If $E\subseteq \mathbb{R}$ is measurable and $\delta>0$ then there exists open set $U$ s.t. $\delta \mu(U)<\mu(E)$

Question

In part of the proof of a problem I am trying to solve I need the following fact (assume that $\mu$ is the Lebesgue measure):

If $E\subseteq \mathbb{R}$ is measurable and $\delta>0$ then there exists open set $U\subseteq \mathbb{R}$, such that $E\subseteq U$ and $\,$ $\delta \mu(U)<\mu(E)$.

I know and have proven the following fact:

Suppose $E \subseteq \mathbb{R}$. Then for each $\epsilon>0$ there exists an open set $U\subseteq \mathbb{R}$ such that $E\subseteq U$ and $\mu(U)< \mu(E)+\epsilon$.

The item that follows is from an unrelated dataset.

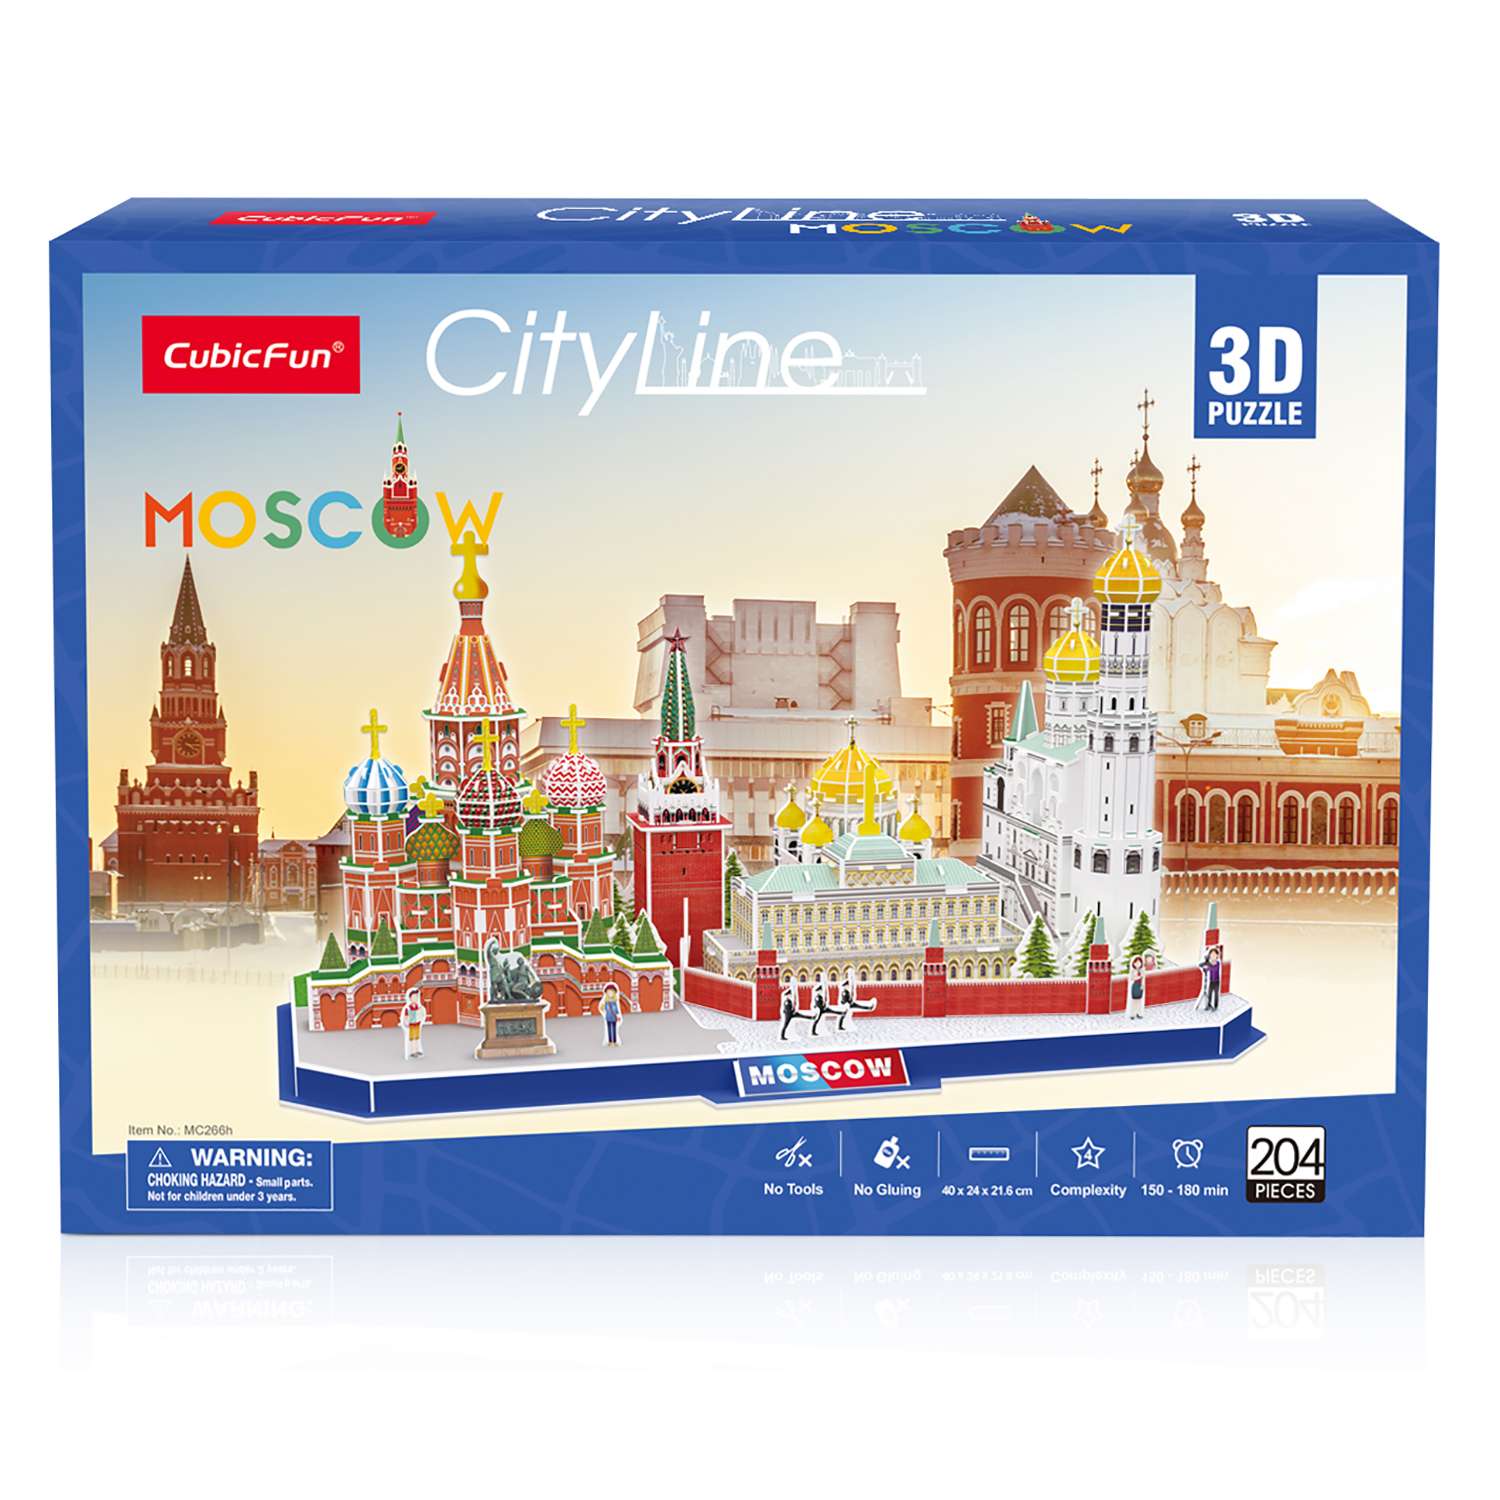 Пазл CubicFun Москва CityLine 3D 204детали MC266h - фото 1

I am pretty sure I can use the second fact to prove the first fact, but I keep getting a value of $\epsilon$ that is in terms of $\mu(U)$, which isn't good because $U$ should depend on $\epsilon$, not the other way around. Some help?

Answer 1

Let me expand Ian's comment.

First, the inequality can only hold for $\delta<1$. For example, if $E=[0,1]$ and $\delta\geq1$, there never is such a $U$. But the claim is indeed true for all $\delta\in (0,1)$.

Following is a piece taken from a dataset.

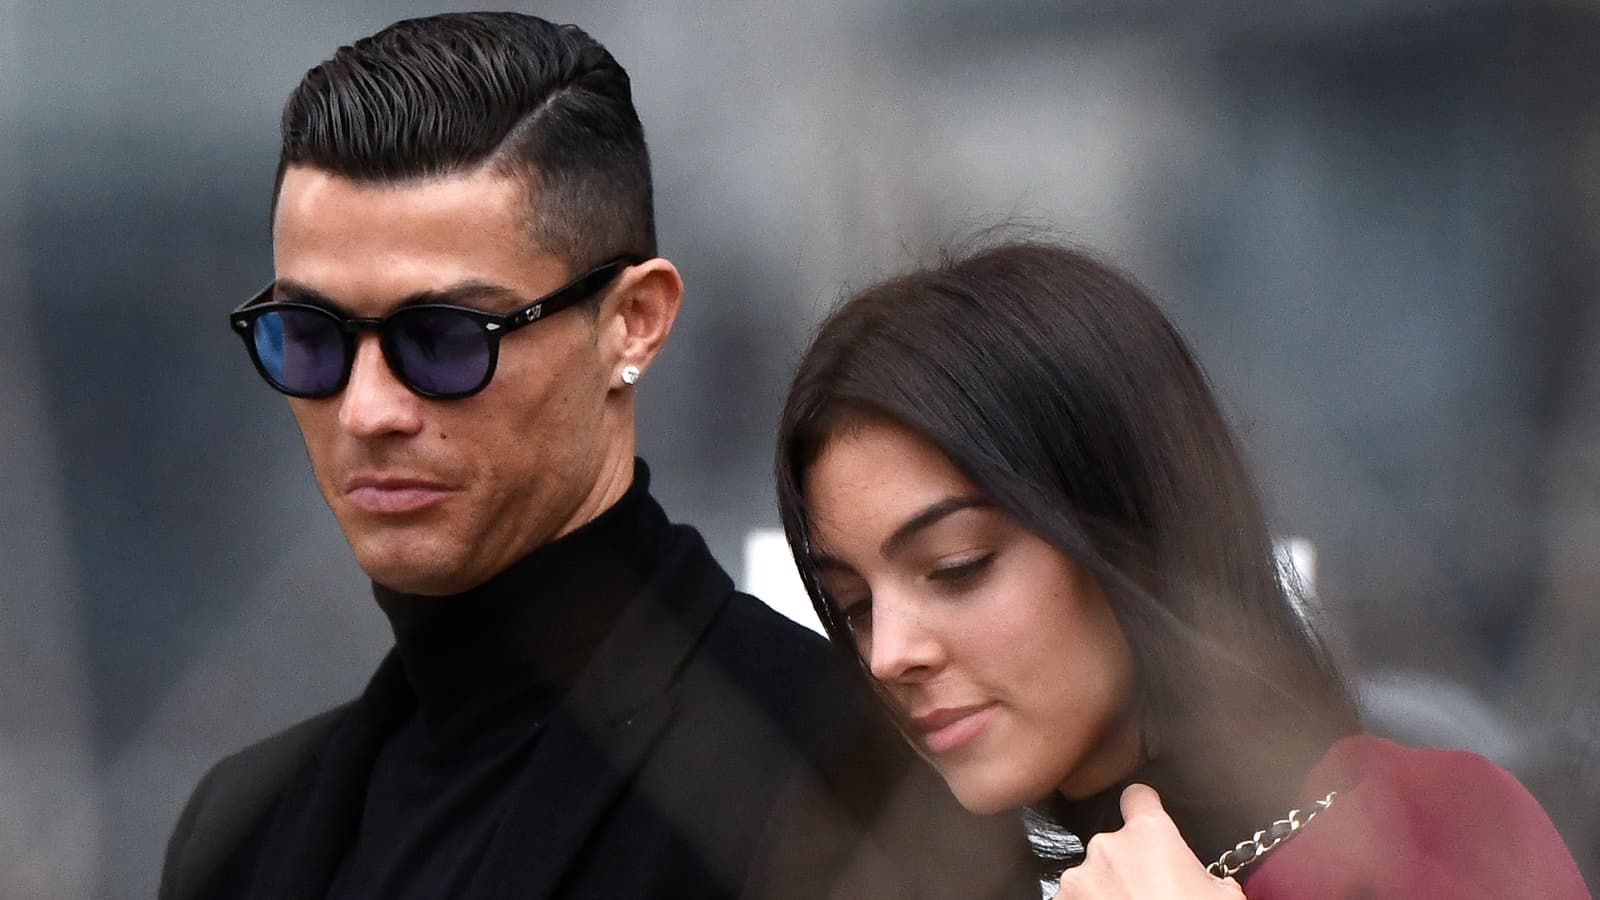 Des investisseurs réclament plus d’un milliard de dollars à Cristiano Ronaldo

Take any such $\delta$ and work backwards: You want $\delta \mu(U)< \mu(E)$. That is, you want $$\mu(U) < \delta^{-1} \mu(E) = \mu(E) + (\delta^{-1}-1)\mu(E). $$ Now take $\epsilon=(\delta^{-1}-1) \mu(E)$ in your lemma. Then $\mu (U)<\mu (E)+\epsilon $ for some open $U \supset E$. Since this is the estimate you want, $U $ is the set you want.